Charles: Harry Mamaysky and I had published an article in the Journal of Financial Economics showing that a quantification of news flow—using Thomson-Reuters as the corpus and applying recent methods in natural language processing to measure news—could predict equity returns over the medium term surprisingly well. At the time, I was an occasional visitor to the Kansas City Fed. I got to know Nida Çakir Melek, who had been working on energy projects there for some time. Nida and I came up with the idea of applying similar techniques to the energy market, and we were able to get Harry interested in joining us.
Fabio: You say it took seven years to write the article. What took so long?

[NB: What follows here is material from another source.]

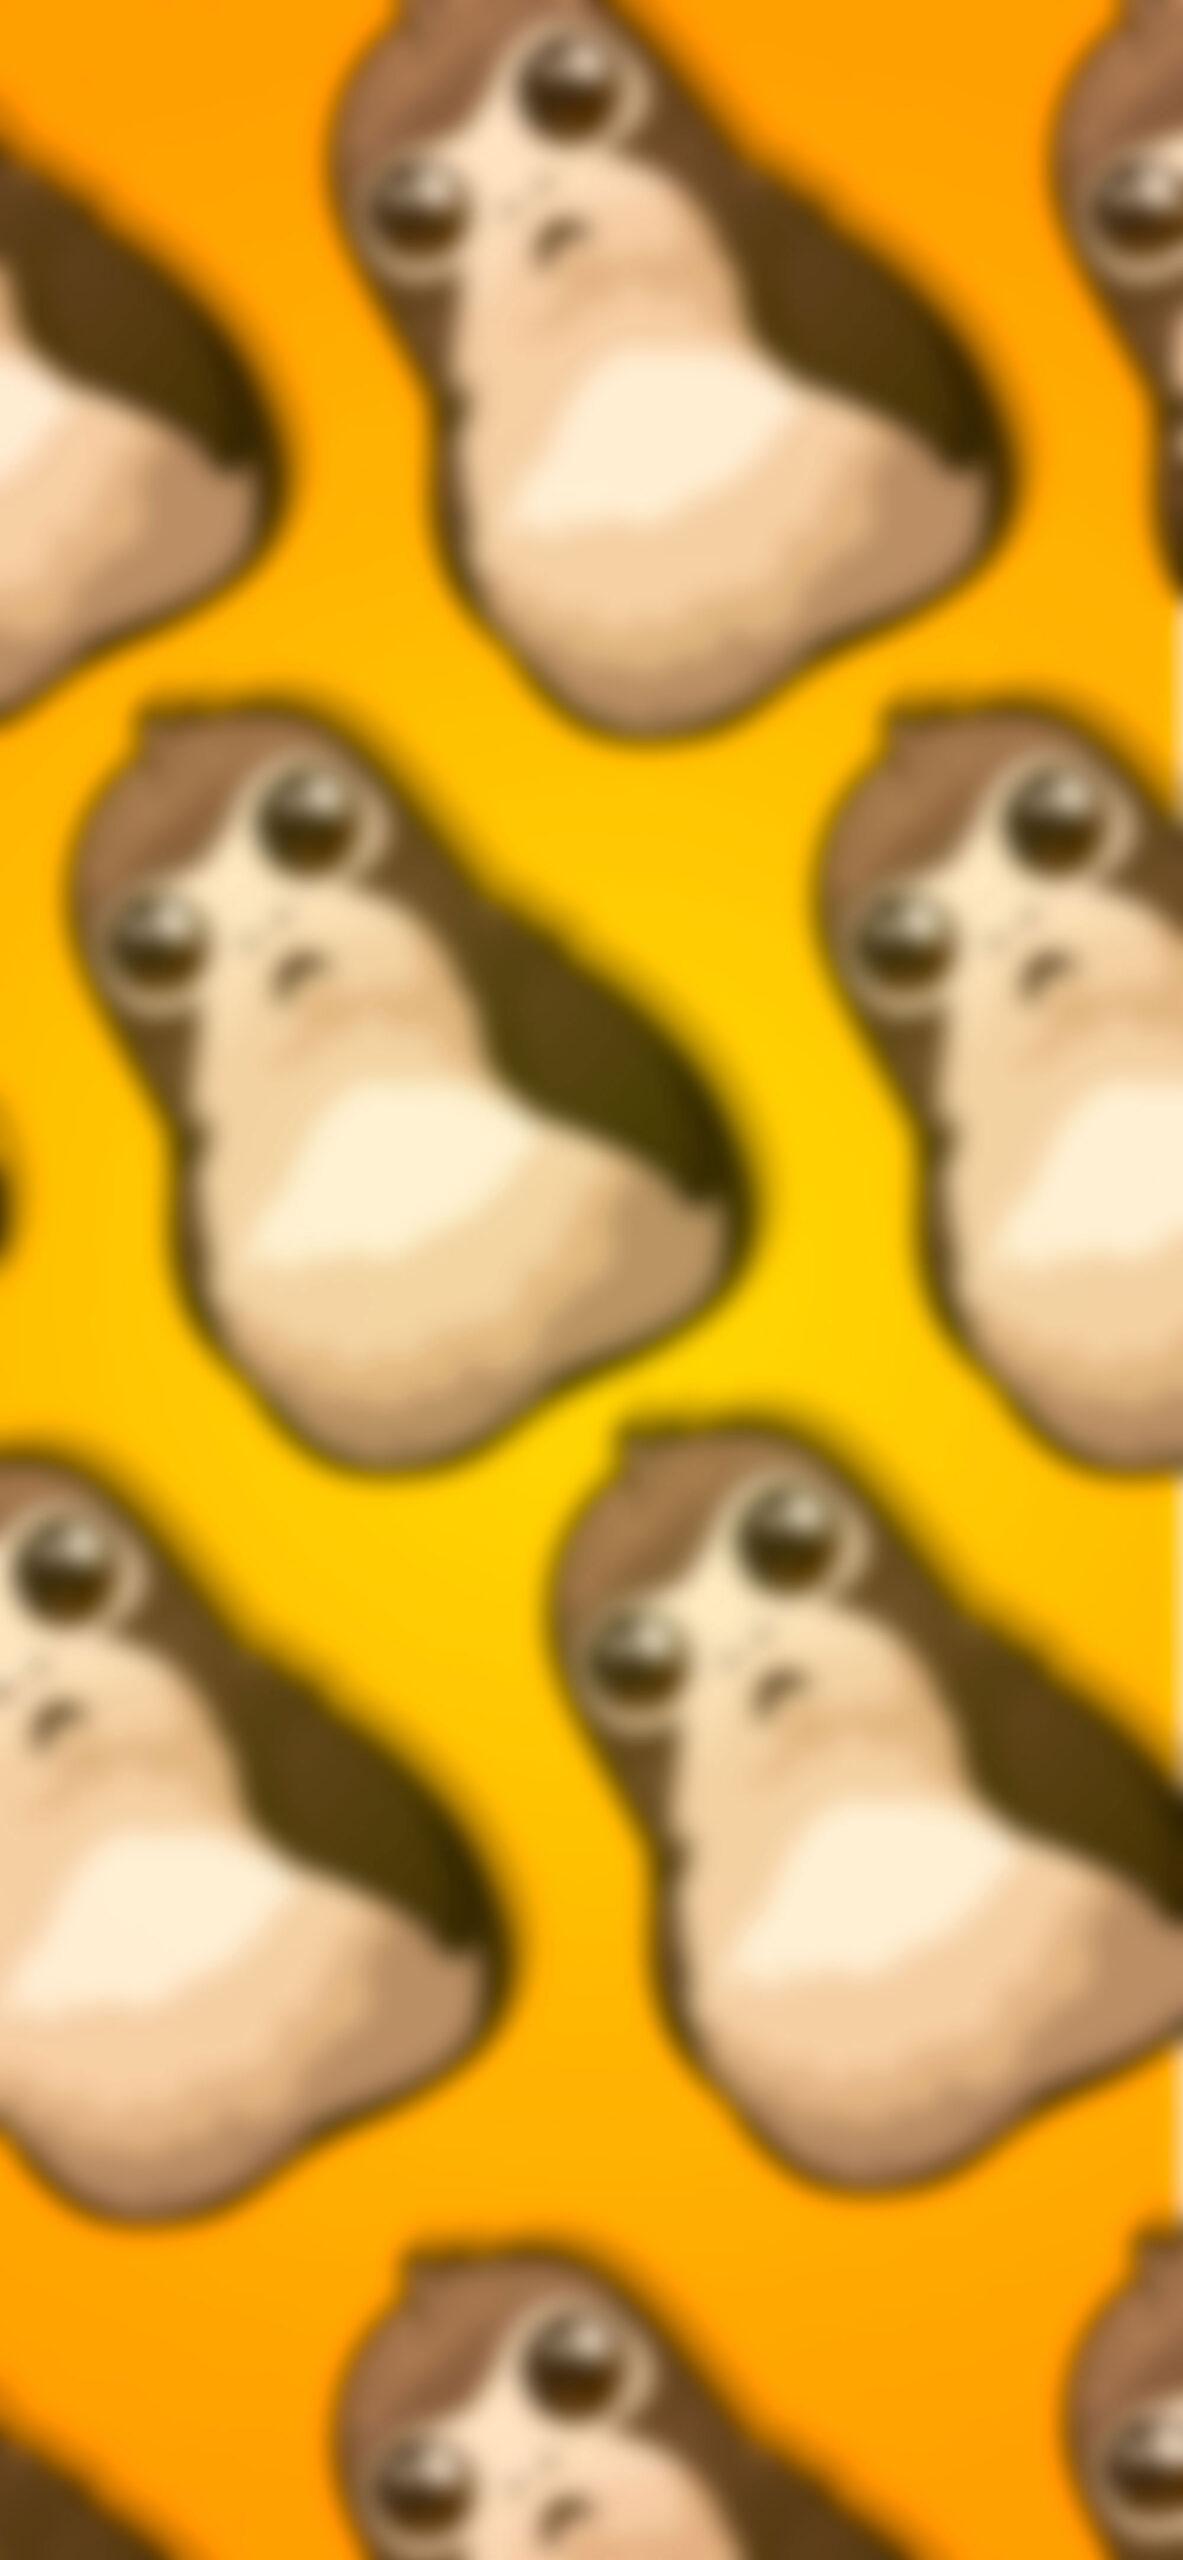 star wars porg yellow blur wallpaper

Charles: We faced several thorny econometric challenges, which took some time to resolve. But most importantly, it was a highly data-intensive project, which is putting it mildly. We constructed a database that combined every known predictor of the oil market, a complete list of oil market-related outcomes—including oil futures and spot returns, stock returns for the major oil producers, oil price volatility, and changes in oil production and inventories—and our newly constructed text-based measures of energy news flow, which are derived from millions of newspaper articles published by Thomson-Reuters. Along the way we also created an energy lexicon to help us identify words that would tend to be associated with energy news, and that was instrumental for being able to divide energy news into different topical categories based on word co-occurrence, which capture what the news is about—where topics focus on oil production, refining, exploration, etc. The data we collected are high frequency observations (weekly) over many years. We didn’t confine ourselves just to forecasting oil futures returns, but also looked at spot returns, oil volatility, oil production and inventories, and the stock returns of the oil majors. I think I can say with confidence that no one has tried to forecast all these variables before in an integrated analysis, and neither has anyone amassed data combining such a comprehensive list of text and non-text explanatory variables.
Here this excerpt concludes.